Wir wissen nicht, wie lange er noch ist. Wir wissen aber, dass er zum Ziel führt, wenn wir nicht die Richtung verlassen!
Grußworte von LKdt. Elmar Thaler
Geschätzte Ehrengäste, liebe Vinschger Schützen, Tiroler Landsleute alle.
Zum 14. Bezirksschützenfest darf ich die besten Grüße der Bundesleitung des Südtiroler Schützenbundes überbringen. Seit 3 Tagen wird in Prad, bei einer der ältesten Schützenkompanien im Vinschgau gefeiert, Tiroler Frohsinn und Gesinnung gelebt. Bald 100 Jahre nach dem Ersten Weltkrieg blüht das Schützenwesen hier im Westen Tirols immer noch und immer mehr und gerade Feste wie diese sind Balsam auf der Seele eines jeden, der von italienischer Misswirtschaft genug hat. Ein solches Fest gibt Mut, genau jenen Mut, den wir endlich brauchen, um in aller Freundschaft endliche neue Wege zu gehen und nicht zuzulassen, dass die Zugehörigkeit eines Teiles unserer Heimat zu Italien weiter die Lebensleistung einer ganzen Generation zerstört. Und ich danke dem Herrn Pfarrer für seinen treffendens Gleichnis. So wie der Adler im Hühnerstall den Mut bekommen hat an sich zu glauben und zu erkennen, dass er kein Huhn ist nur weil er im Hühnerstall aufgewachsen ist, sollten auch wir unser Adlererlebnis haben und erkennen, dass wir keine Italiener sind, sondern freiheitsliebende, stolze Tiroler.
Während die Begriffe Sezession und das Streben nach Selbständigkeit in den letzten Monaten in Osteuropa vor allem einen kriegerischen Beigeschmack hatten, sind Schützen und viele heimatverbundene Menschen, ausgehend vom Unabhängigkeitstag im Meran vor fast genau einem Jahr, das übrigens nächstes Jahr am 23. Mai eine Neuauflage erfahren wird, sich Tag für Tag damit zu beschäftigen, wie man den berühmten Spagat schaffen kann, um schließlich und endlich auch in Sachen friedlicher Loslösung vom fremden Staat eine Vorbildregion in Europa zu werden.
Dass sich unser Bestreben nach Freiheit und Unabhängigkeit gegen niemanden richtet, zeigen solche Feste wie es dieses heute eines ist am Besten.

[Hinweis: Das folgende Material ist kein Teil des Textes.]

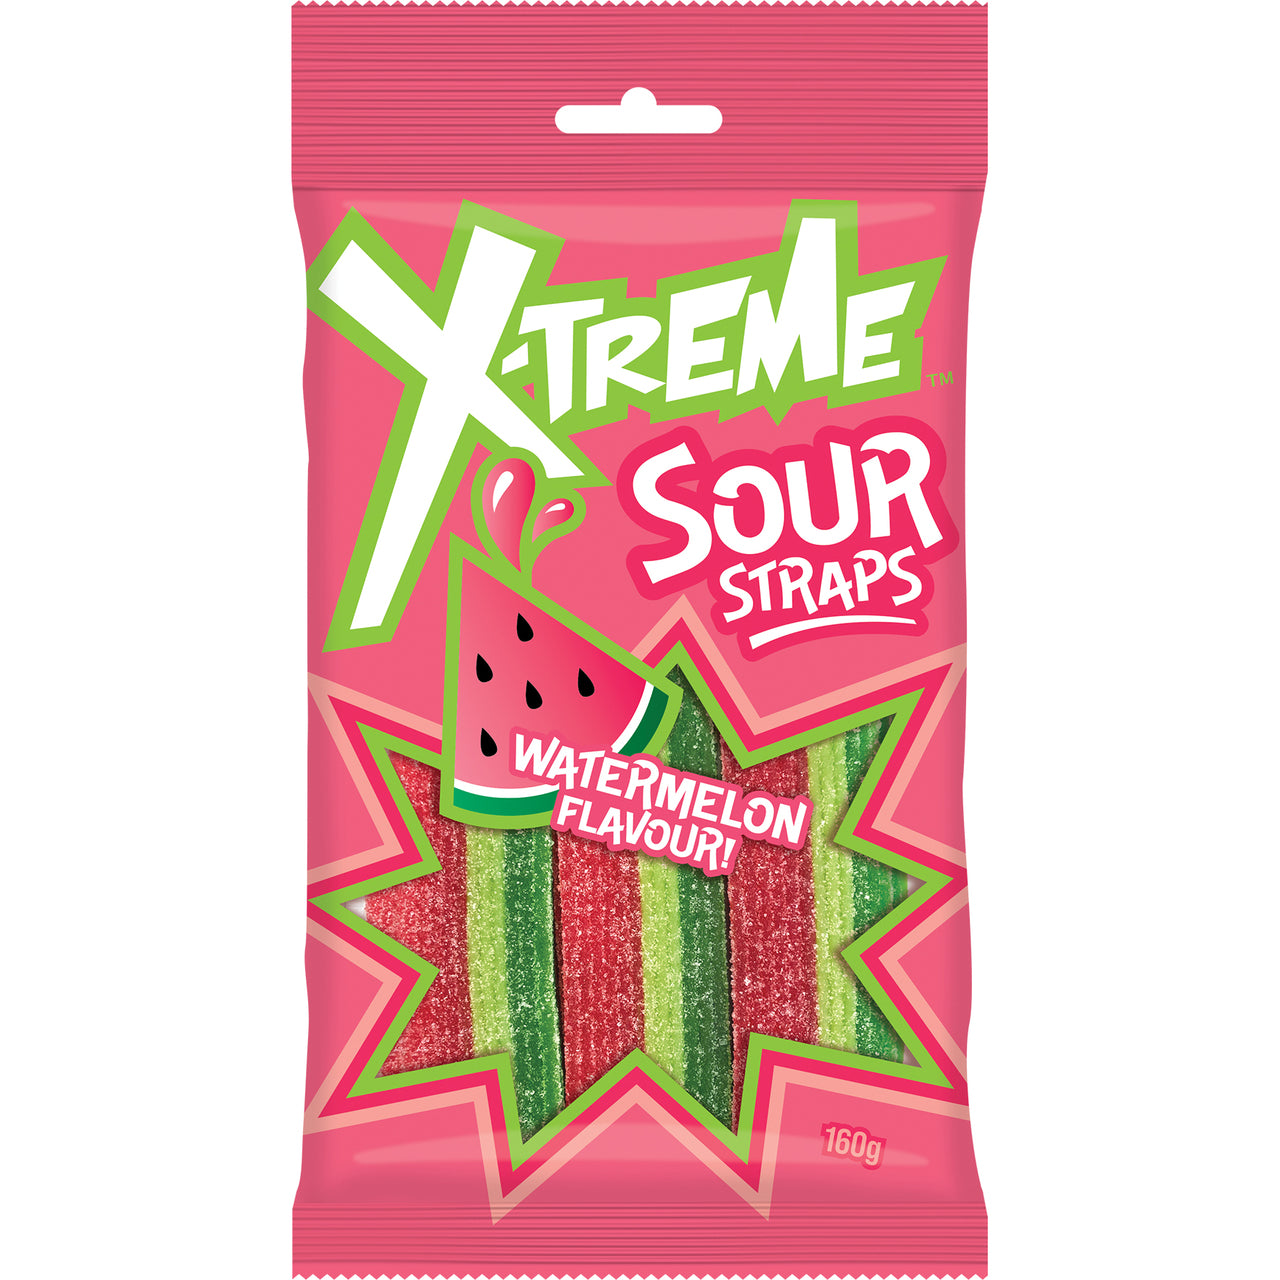 Xtreme Sour Strap Watermelon - 160g

Nicht Krieg und Gewalt, nicht die Aversion gegen jemanden, sondern Frohsinn, Schaffensfreude und eine gesunde, sympathische Portion Tiroler Sturschädel sollen uns dabei begleiten. Denn gleich wichtig, wie es ist, wenn Wahlen sind, das Wahllokal aufzusuchen, ist es ebenso wichtig, sich zwischen den Wahlen mit der eigenen Meinung einzubringen, und den Politiker zu sagen, was sich die Menschen wünschen, wohin der Weg gehen soll. Nur wenn wir unseren Willen für eine freie Zukunft immer wieder bekunden, nur wenn wir unser Bekenntnis zur Landeseinheit immer wieder erneuern, und das macht ihr Vinschger Schützen mit der Ehrenkompanie aus See ja vorzüglich, nur dann wird die Politik auch danach handeln.
In diesem Sinne wünsche ich uns, dass uns die renovierte Vinschger Schützenfahne den Weg in die Freiheit weiße und wir alle gemeinsam weiterhin alles für die Freiheit und das gemeinsame Tirol geben mögen.